Home-page: https://github.com/alijazayeri/tempowork
Author: Ali Jazayeri
Author-email: ali.jazayeri@drexel.edu
License: MIT
Description: ###########################
        *tempowork* Python Library
        ###########################
        
        --------------------------------------------------
         Frequent subgraph mining in temporal networks
        --------------------------------------------------
        
        The *tempowork* Python library comprises a series of algorithms for mining temporal networks where time is represented as a continuous dimension. In the current version, given a user-defined frequency threshold ``supp`` in  ``{1,2,...,n}``, it can mine all the frequent subgraphs in a data set of ``n`` temporal networks. The frequent subgraphs are subgraphs that appear in at least ``supp`` networks of the data set. The mining can be executed under one of the four following definitions of isomorphism: 
        
        	* Exact-time isomorphism
        	* Inexact-time isomorphism
        	* Sequence-preserved exact-time isomorphism
        	* Sequence-preserved inexact-time isomorphism
        
        --------------------------------------------------
         Mining evolving patterns in temporal networks
        --------------------------------------------------
        Coming soon! 
        
        *************
        Install
        *************
        
        Install the latest version of tempowork:
        
        .. code-block:: python
        
        	pip install tempowork
        
        *************
        Usage
        *************
        
        The main function can be executed as follows:
        
        .. code-block:: python
        
        	import tempowork as tw
        	test = tw.frequent(file_name, support, isomorphism = 'e', disc_threshold = 0.05, binning=False, nbins = 10, directed = False)
        
        **Arguments**
        
        * *file_name*: a string referring to the data set of temporal networks (`.txt` file). 
        * *support*: the support integer value in ``{1,2,...,n}``, representing the number of networks in the data set that should include a pattern to make the pattern frequent
        * *isomorphism*: it shows when two networks are considered isomorphic.

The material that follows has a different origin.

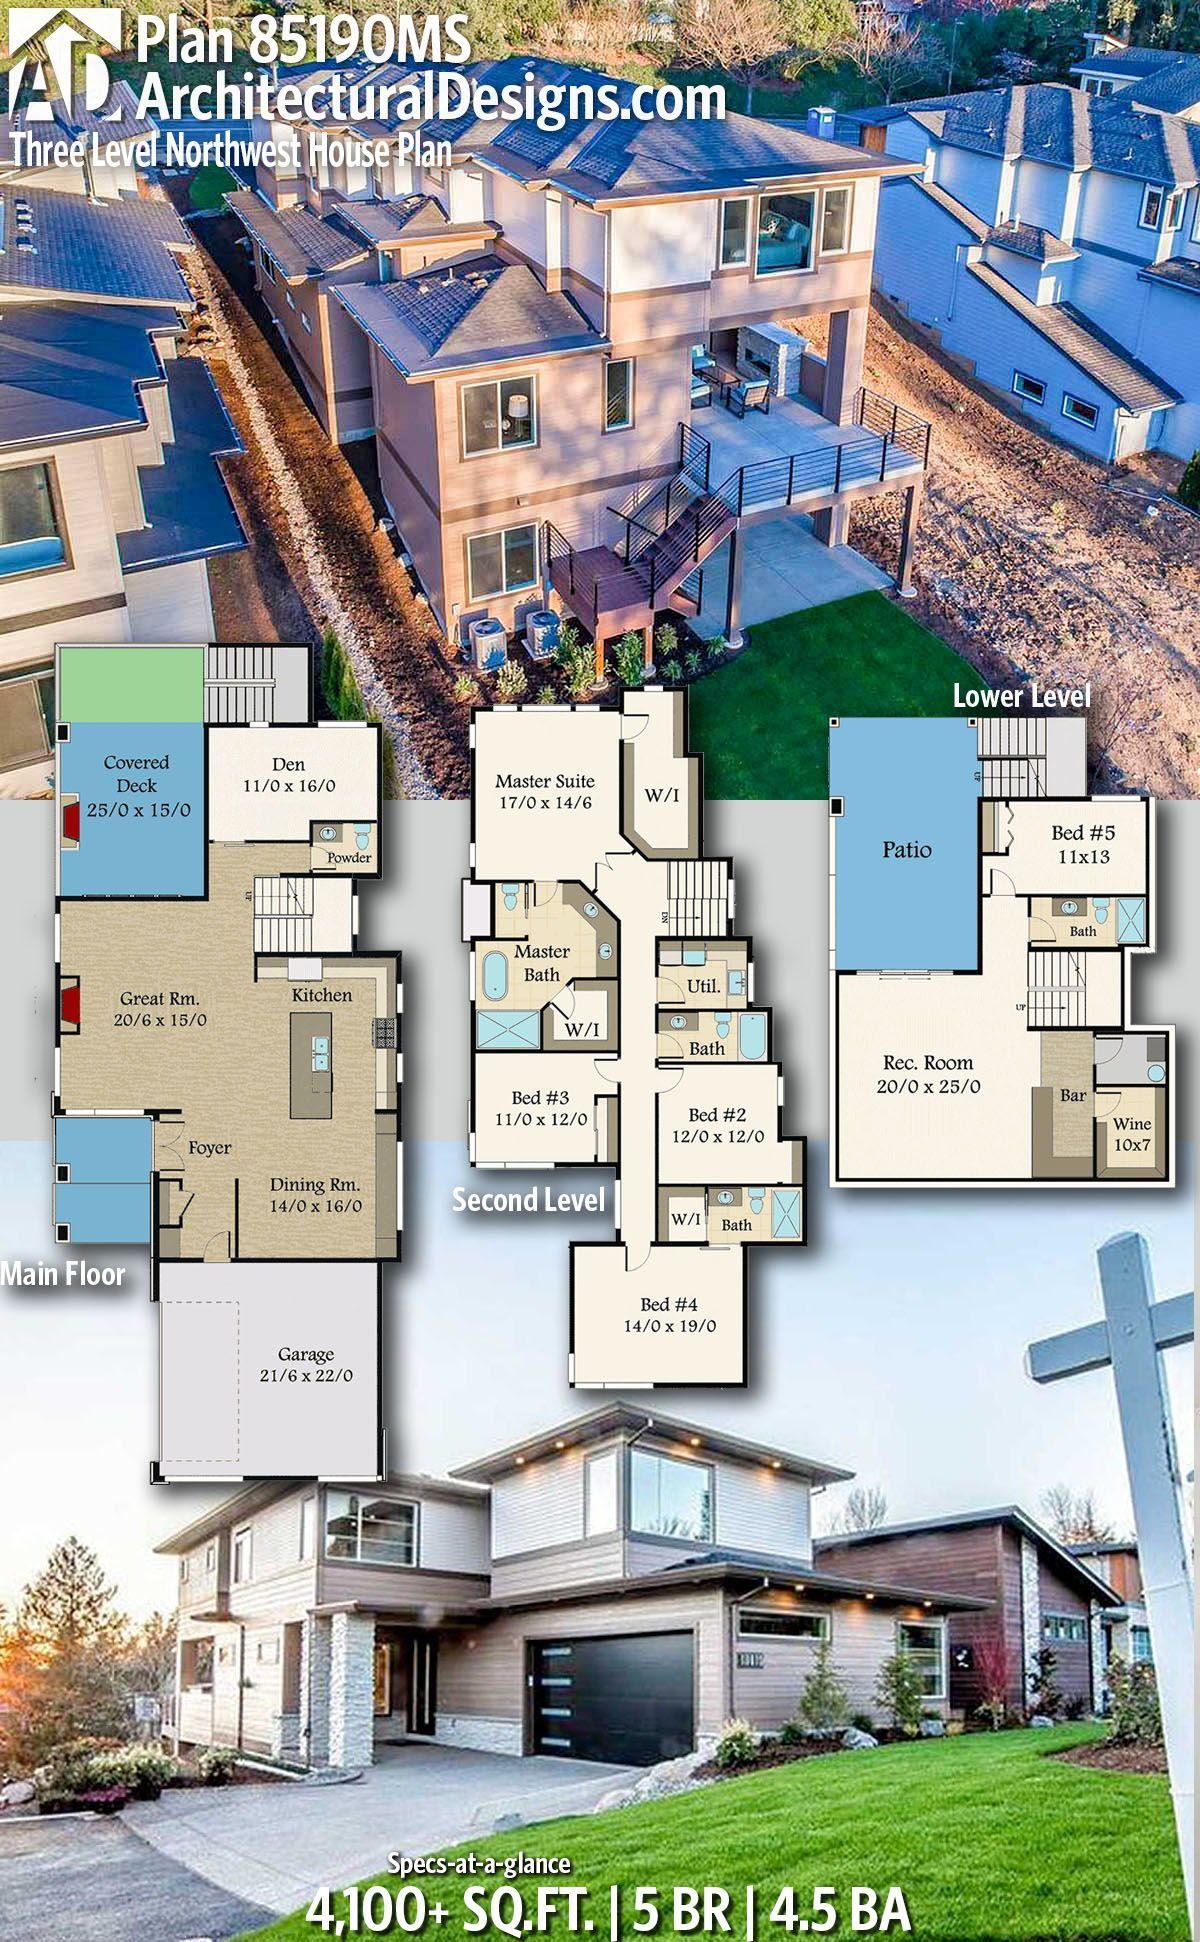 Plan 85190ms Three Level Northwest House Plan Architectural House Plans House Plans House Blueprints

It can take one of the following options: 
        
          * *'e'*: Exact-time isomorphism
          * *'i'*: Inexact-time isomorphism
          * *'es'*: Sequence-preserved exact-time isomorphism
          * *'is'*: Sequence-preserved inexact-time isomorphism
        
        * *disc_threshold*: a user-defined threshold used for 'i' and 'is' isomorphism definitions. Once all the durations are sorted, disc_threshold is the maximum value that the difference between two consecutive durations divided by the first duration is permitted, in order to consider two consecutive values inexactly identical.
        * *binning*: used for 'i' and 'is' isomorphism definitions and takes one of the following values.
        
          * *False*: the inexact identical durations are determined by disc_threshold.
          * *width*: the algorithm uses equal-width periods to find inexact identical values
          * *frequency*:  the algorithm uses an equal-frequency strategy to find inexact identical values
        
        * *nbins*: it is a parameter that works with 'i' and 'is' isomorphism definitions when binning is not False. It determines the number of bins for 'width' and 'frequency' options of binning.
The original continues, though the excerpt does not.